---------- DATA BLOCK

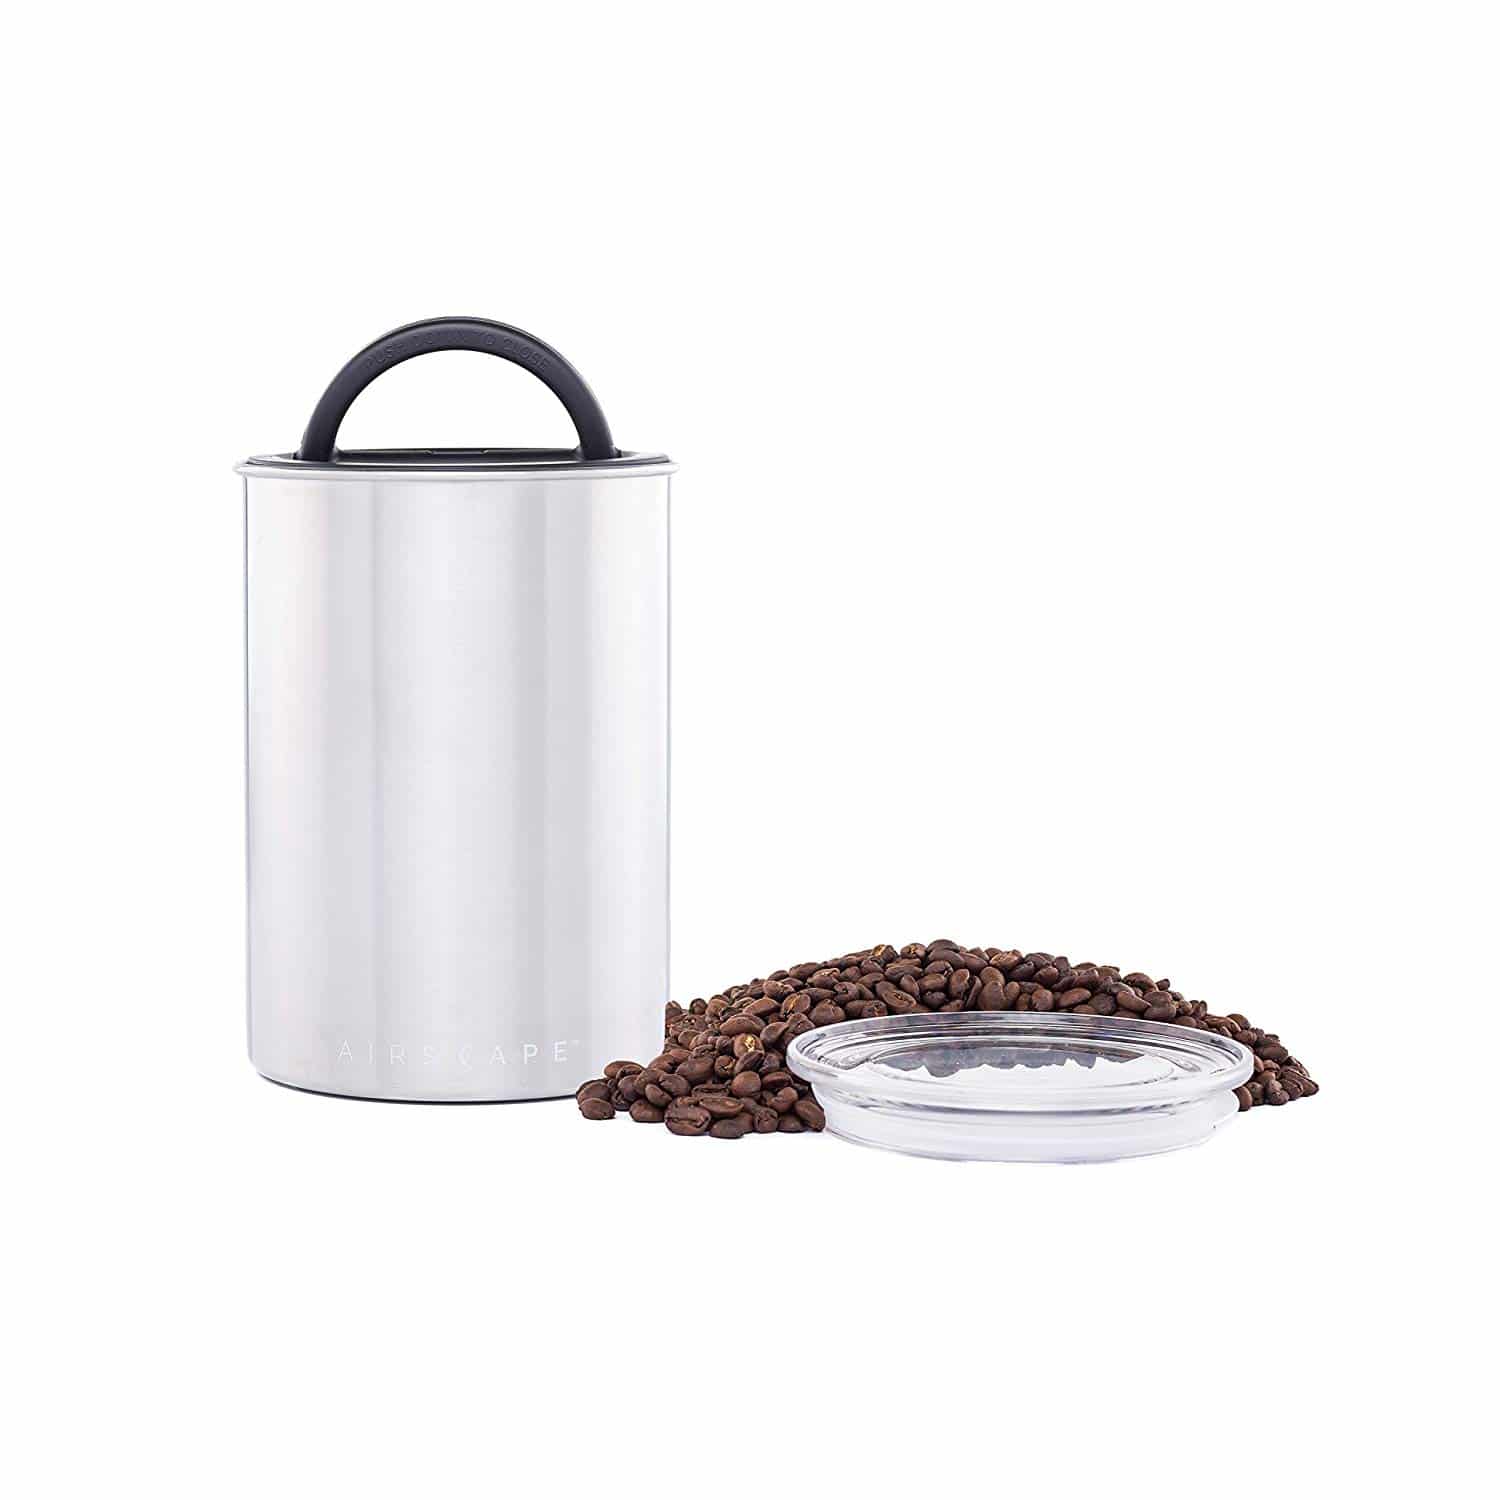 Planetary Design Airscape Coffee and Food Storage Canister
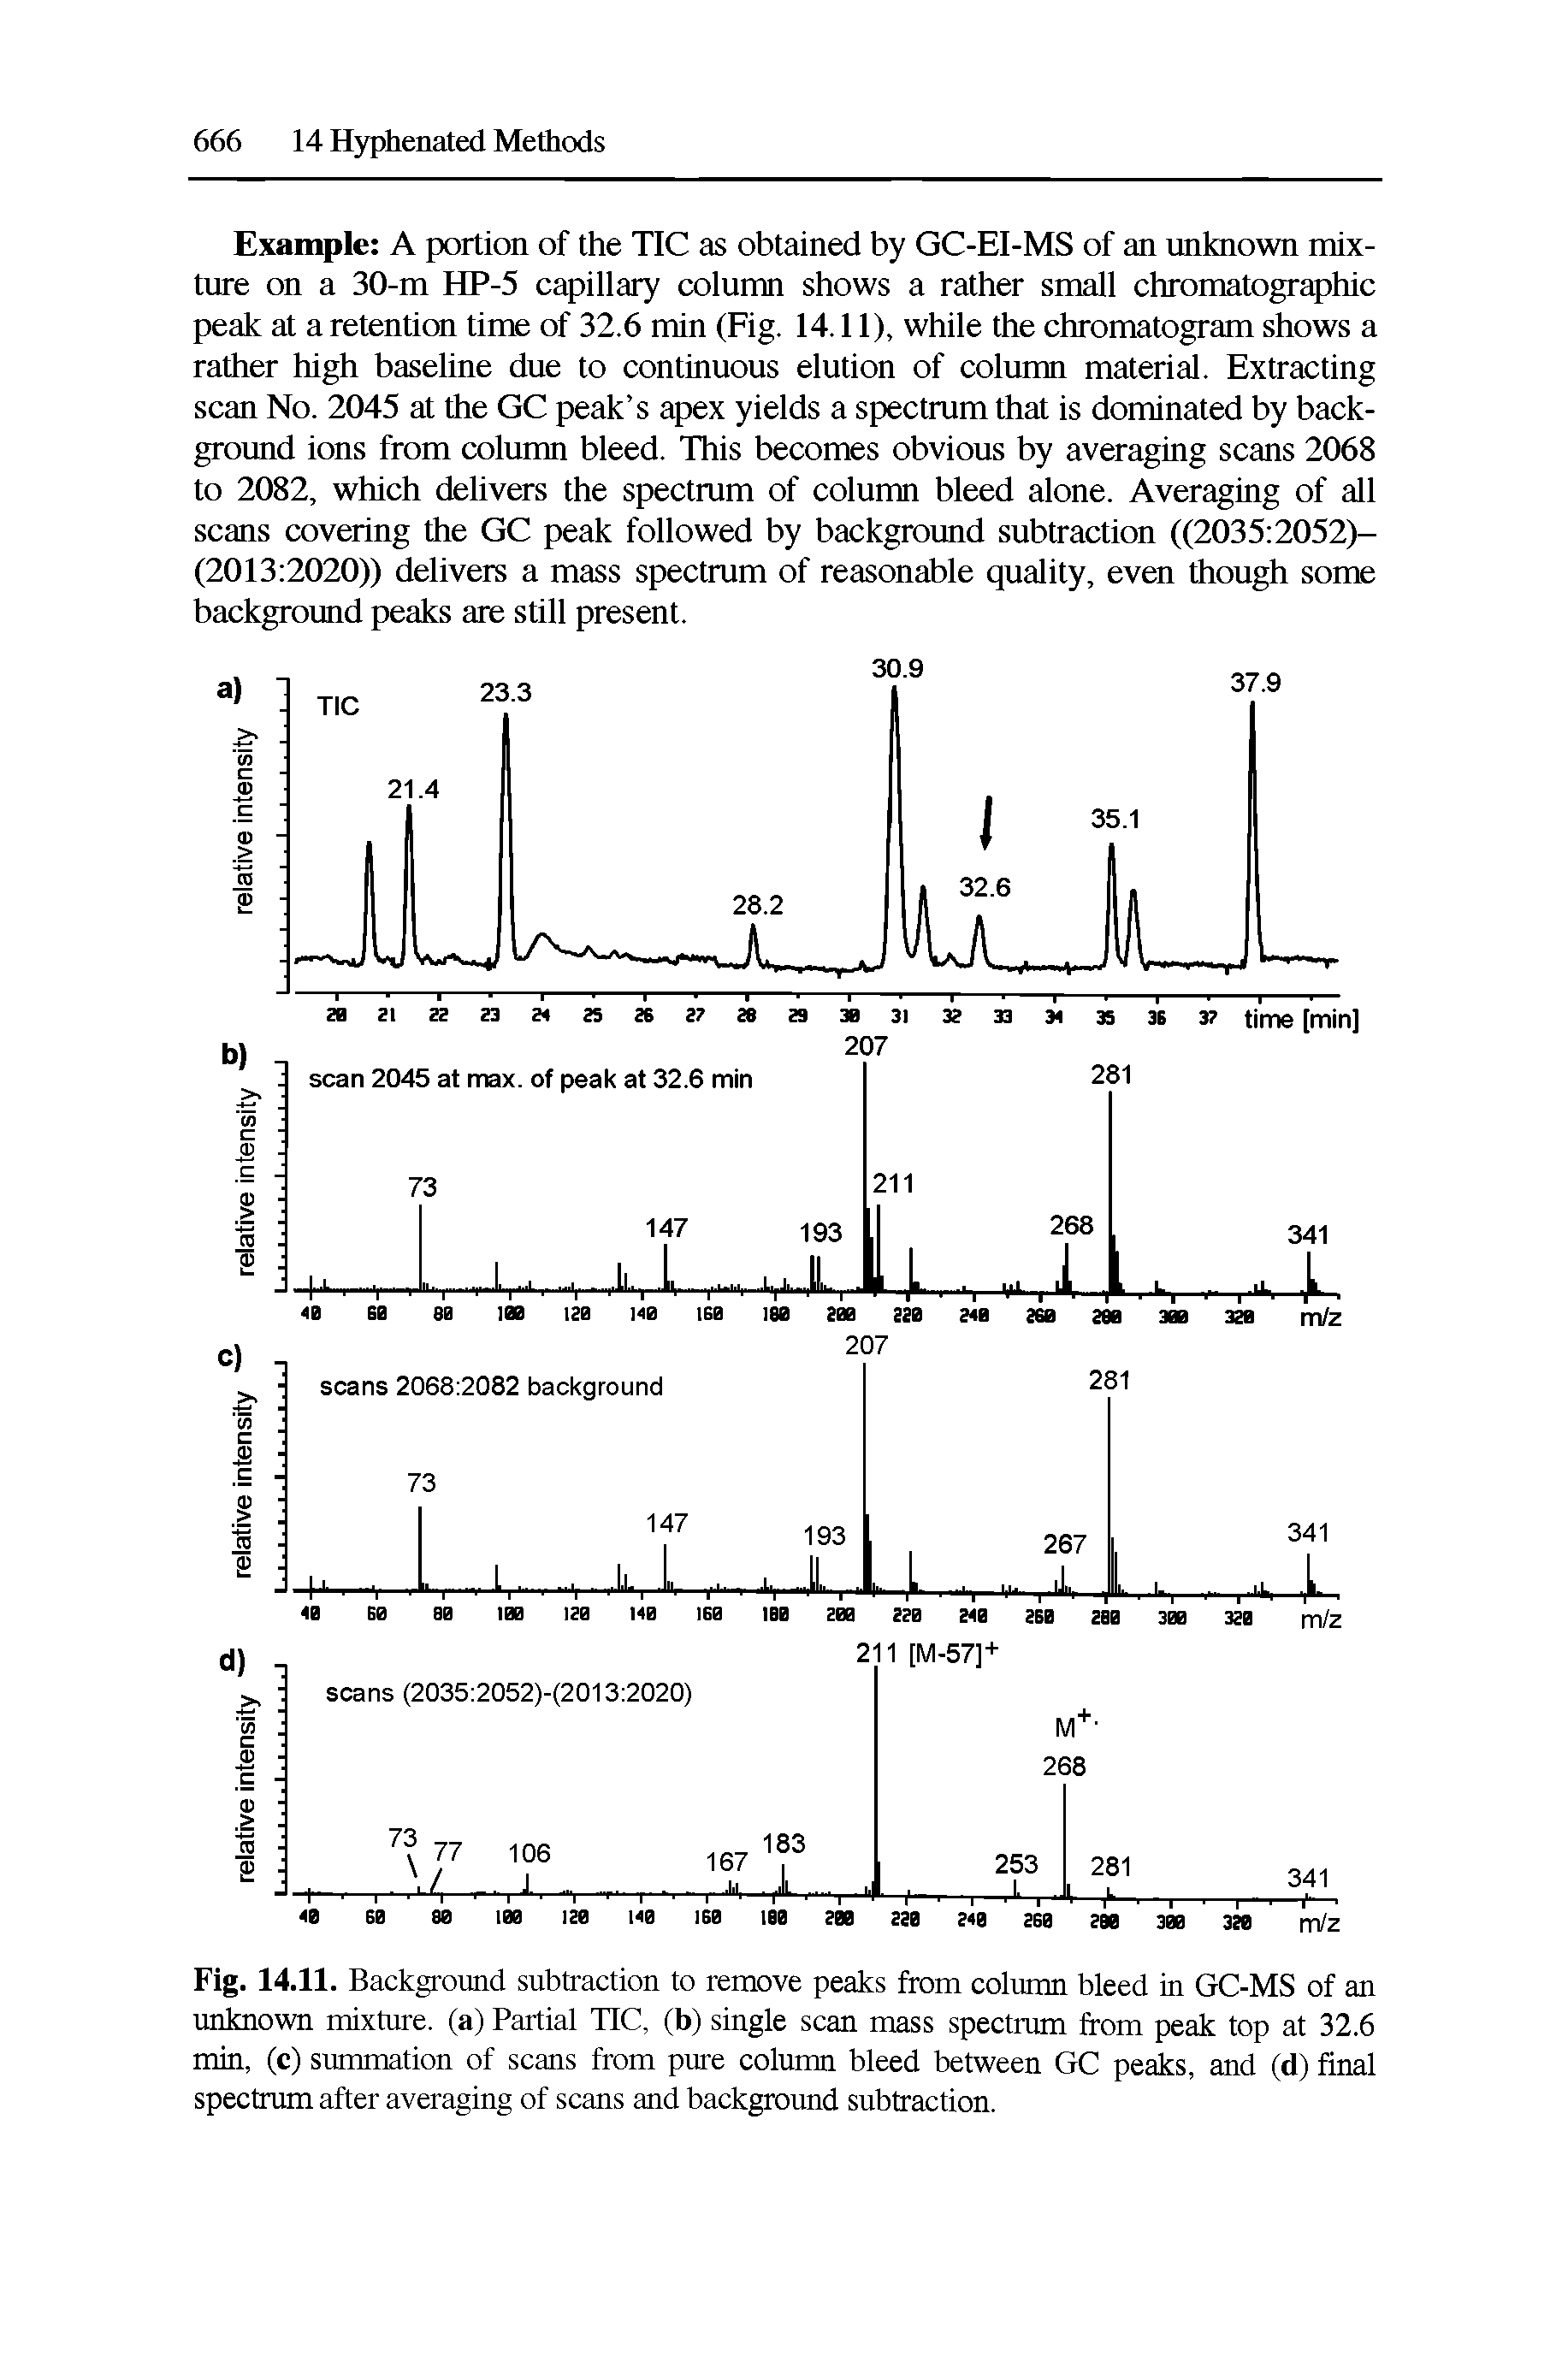 Fig. 14.11. Background subtraction to remove peaks from column bleed in GC-MS of an unknown mixture, (a) Partial TIC, (b) single scan mass spectrum from peak top at 32.6 min, (c) summation of scans from pure column bleed between GC peaks, and (d) final spectrum after averaging of scans and background subtraction.
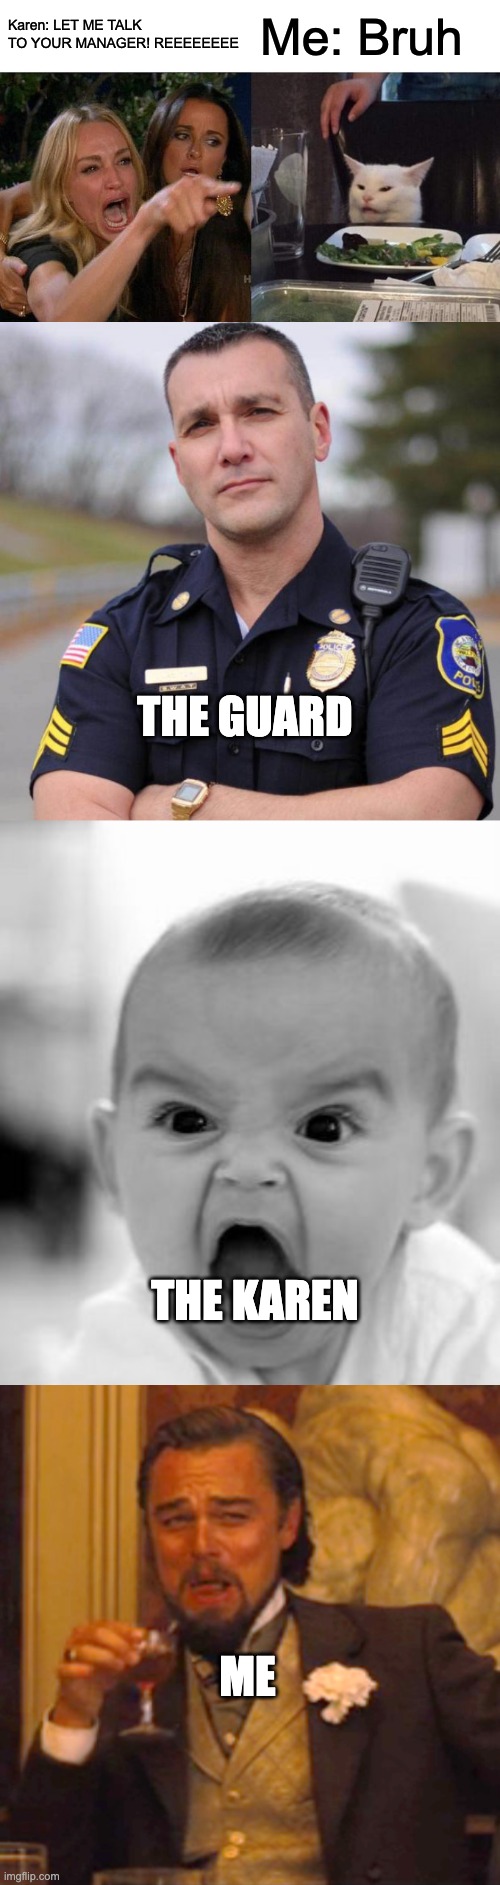 Bruh lol | Karen: LET ME TALK TO YOUR MANAGER! REEEEEEEE; Me: Bruh; THE GUARD; THE KAREN; ME | image tagged in memes,woman yelling at cat,cop,angry baby,laughing leo,funny | made w/ Imgflip meme maker

--------------------

REQUIRED ACTION:
Go from the first line of the listing to the line holding "Fig. 14.11. Background" and, please, transcribe those lines exactly, both included, with no pictures.

EXERCISE ANSWER:
 Planetary Design Airscape Coffee and Food Storage Canister
 Fig. 14.11. Background subtraction to remove peaks from column bleed in GC-MS of an unknown mixture, (a) Partial TIC, (b) single scan mass spectrum from peak top at 32.6 min, (c) summation of scans from pure column bleed between GC peaks, and (d) final spectrum after averaging of scans and background subtraction.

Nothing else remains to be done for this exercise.